Current Situation Analysis

Modern observability stacks are fundamentally fragmented. Logs live in Datadog or Loki, metrics in Grafana or CloudWatch, deployment configs in Git, and runtime state in Kubernetes or cloud control planes. When a production incident triggers, the evidence required to diagnose it is scattered across six to eight independent platforms. Engineers are forced to become manual ETL pipelines: pulling timestamps, cross-referencing traces, pinging subject-matter experts, and reconstructing a timeline from disjointed signals.

This fragmentation is rarely treated as a systemic engineering problem. Most AI tooling investments target the development phase—code completion, PR reviews, test generation. The operational phase, where system failures actually occur, receives minimal automation. The result is predictable: Mean Time to Resolution (MTTR) balloons because 60–70% of incident response time is spent gathering context, not applying fixes. Under on-call fatigue, teams default to "patch-and-pray" mitigations, deferring root cause analysis until after stability returns. This creates technical debt in the form of unresolved failure modes that inevitably resurface.

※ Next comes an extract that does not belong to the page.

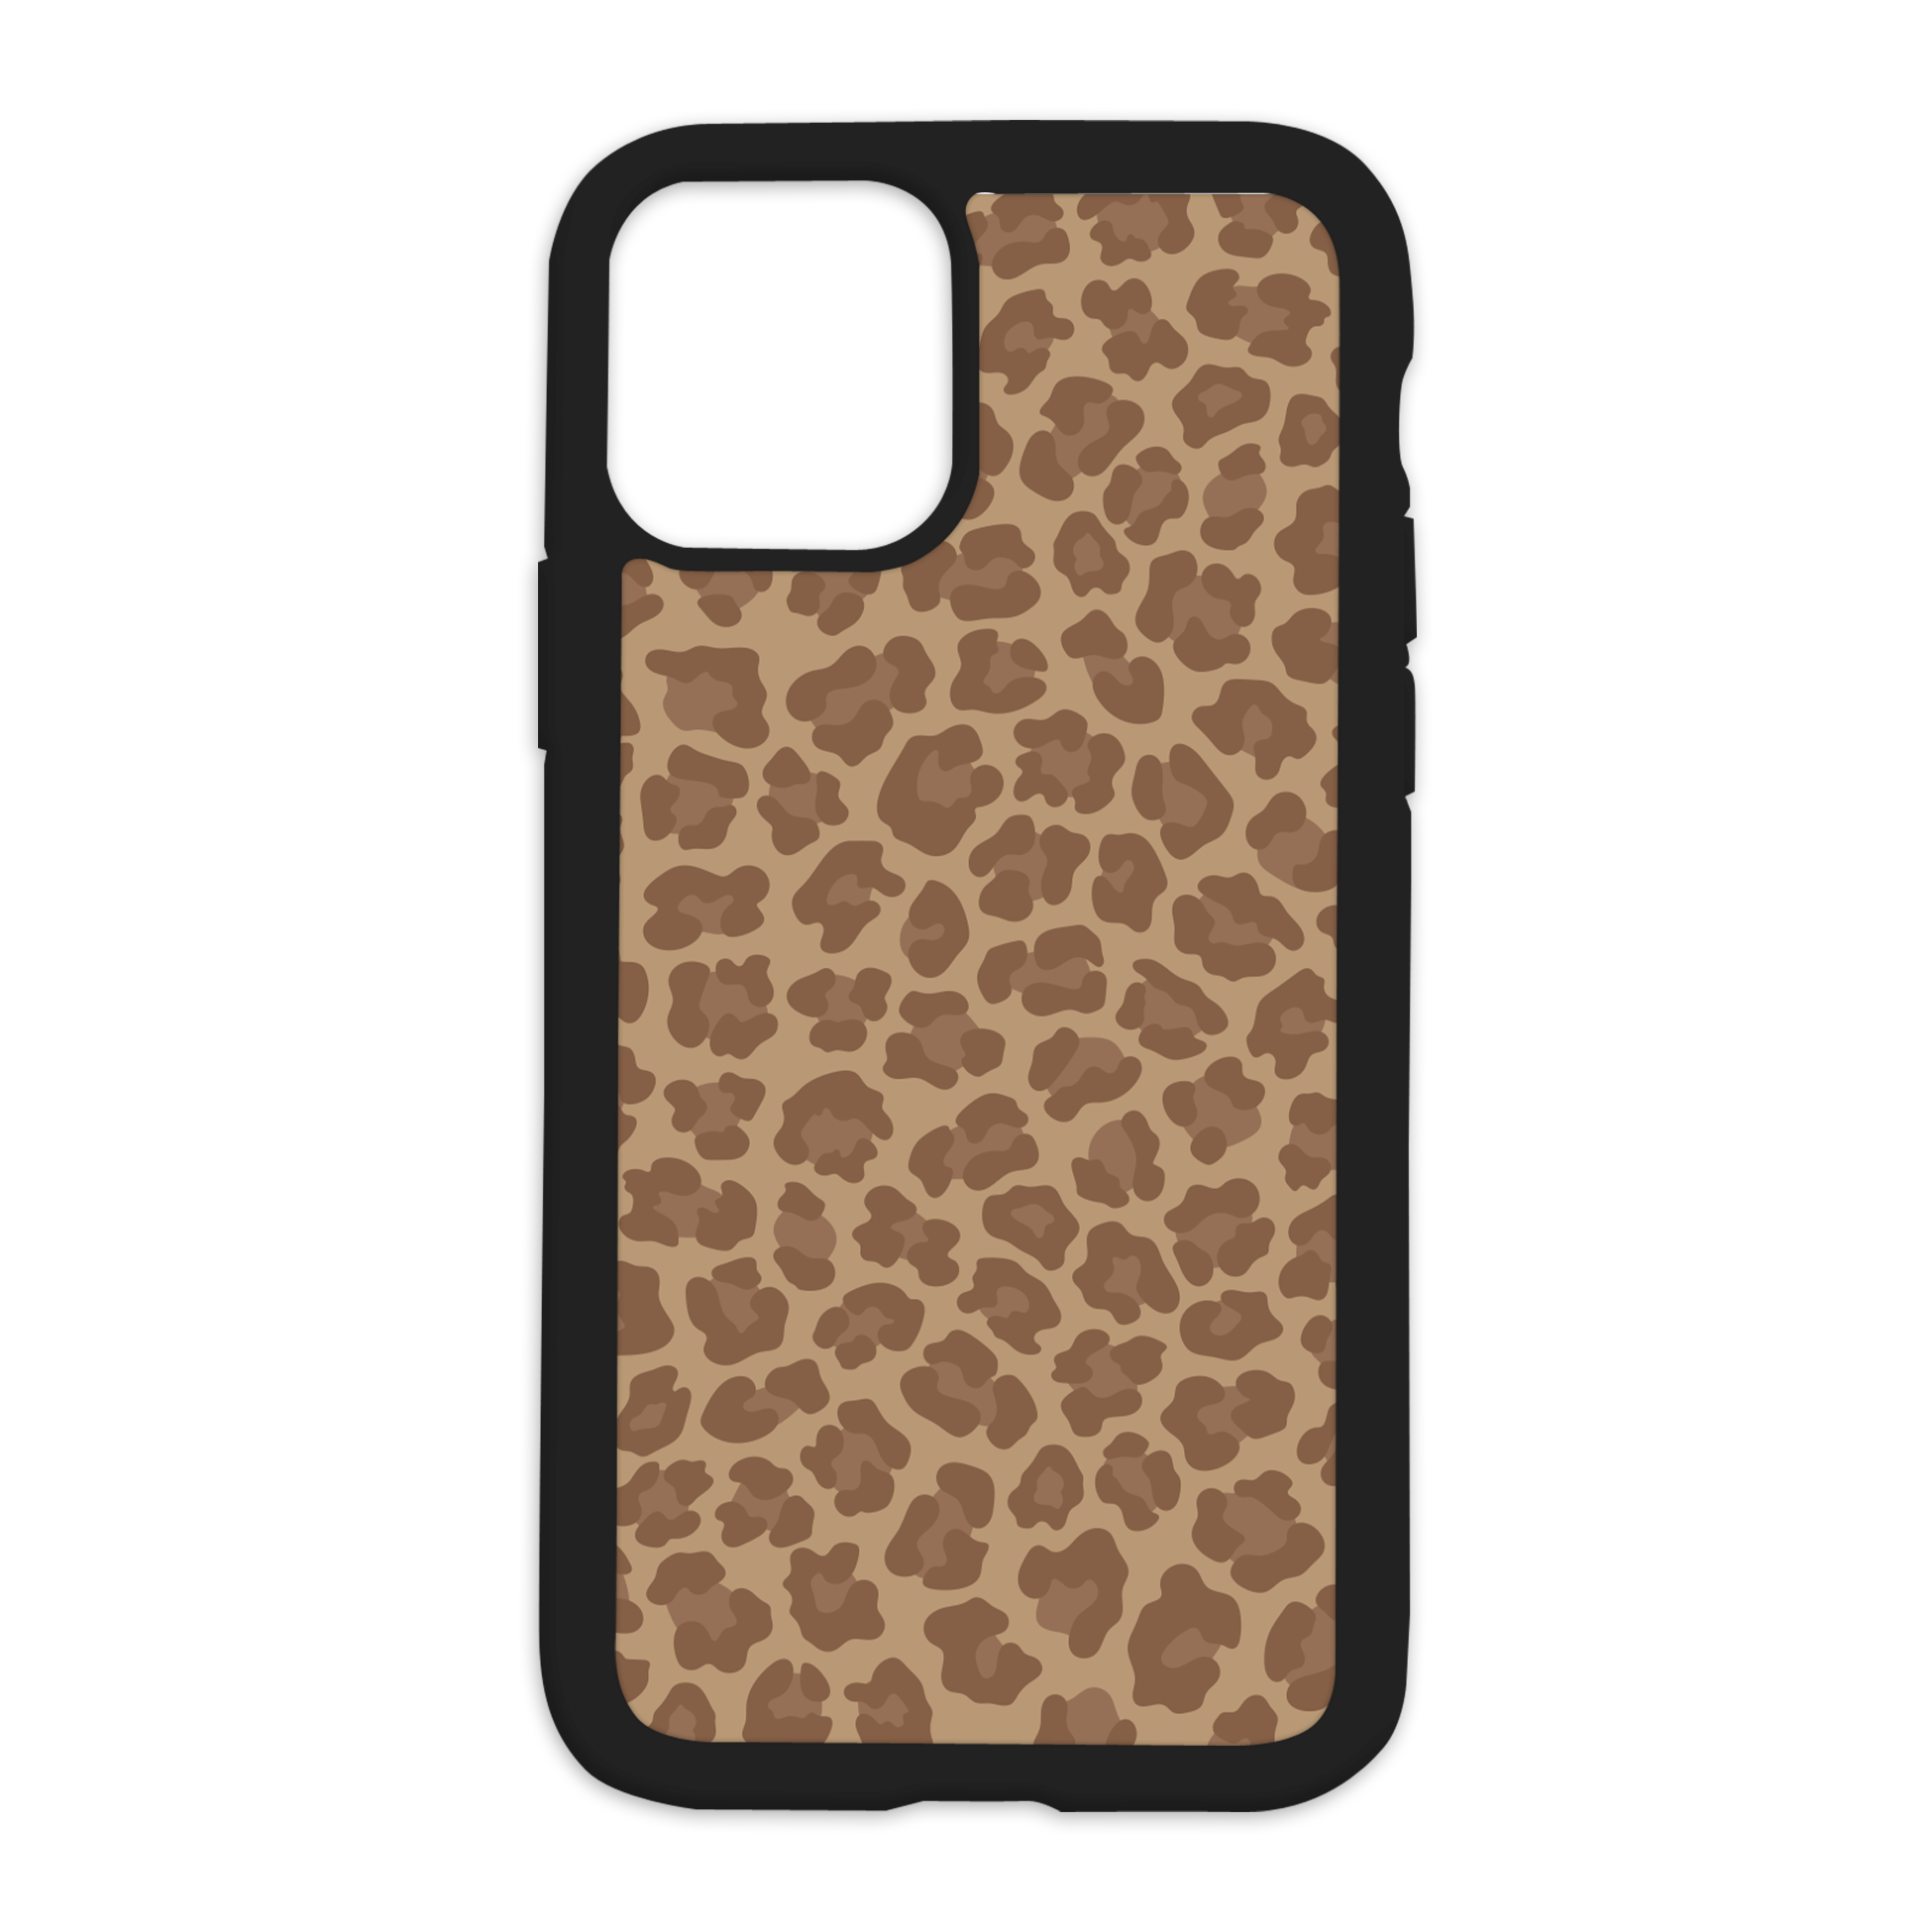 Leopard Print Design On Black Phone Case - 6/6s+ / Brown

The misunderstanding lies in assuming LLMs are too unpredictable for production incident response. While raw generative models lack determinism, structured agent frameworks built on directed acyclic graphs (DAGs) and state machines can enforce rigorous, evidence-backed workflows. The gap isn't AI capability; it's architectural discipline. We need investigation agents that operate like senior SREs: they gather context in parallel, test multiple hypotheses simultaneously, ground conclusions in verifiable data, and maintain a complete audit trail. Frameworks like the Apache 2.0 licensed toolkit maintained by Tracer demonstrate that this is achievable when LangGraph is used to orchestrate deterministic, multi-step investigation pipelines rather than open-ended chat loops.

WOW Moment: Key Findings

The shift from manual triage to AI-driven parallel investigation fundamentally changes how SRE teams allocate cognitive resources. The following comparison illustrates the operational delta:

Approach	Context Assembly Time	Hypothesis Parallelism	Evidence Traceability	Cognitive Overhead
Manual Triage	45–120 minutes	Sequential (1–2 at a time)	Fragmented across tools	High (context-switching, fatigue)
AI-Driven Agent	3–8 minutes	Concurrent (5–10 failure modes)	Immutable state logs, source citations	Low (review & decide)

This finding matters because it decouples data correlation from decision-making. Traditional runbooks force engineers to follow linear checklists. An agent framework evaluates multiple failure paths simultaneously, queries connected systems in parallel, and halts only when a confidence threshold is met. The output is not a guess; it is a structured report mapping observed signals to probable root causes, complete with query provenance. This enables teams to treat incident investigation as a repeatable, auditable process rather than a heroic effort.

Core Solution

Building a deterministic investigation agent requires moving beyond simple prompt chains. The architecture must enforce state persistence, parallel tool execution, hypothesis evaluation, and strict security boundaries. Below is a production-grade implementation pattern using TypeScript and LangGraph principles.

Step 1: Define the Investigation State Machine

The agent operates as a state machine.

Each node represents a discrete phase: alert ingestion, context assembly, hypothesis framing, parallel querying, evaluation, and reporting. State is passed explicitly between nodes, ensuring every decision is reproducible.

import { StateGraph, END, START } from "@langchain/langgraph";

interface InvestigationState {
  alertId: string;
  severity: "critical" | "warning" | "info";
  timestamp: number;
  gatheredEvidence: Record<string, any>;
  activeHypotheses: string[];
  evaluatedResults: Array<{ hypothesis: string; confidence: number; sources: string[] }>;
  finalConclusion: string | null;
  confidenceThreshold: number;
  auditTrail: Array<{ step: string; timestamp: number; data: any }>;
}

const initialState: InvestigationState = {
  alertId: "",
  severity: "warning",
  timestamp: Date.now(),
  gatheredEvidence: {},
  activeHypotheses: [],
  evaluatedResults: [],
  finalConclusion: null,
  confidenceThreshold: 0.85,
  auditTrail: []
};

Step 2: Implement Parallel Evidence Gathering

Instead of sequential API calls, the agent fans out to connected observability and infrastructure endpoints. Each tool adapter returns structured evidence with source metadata.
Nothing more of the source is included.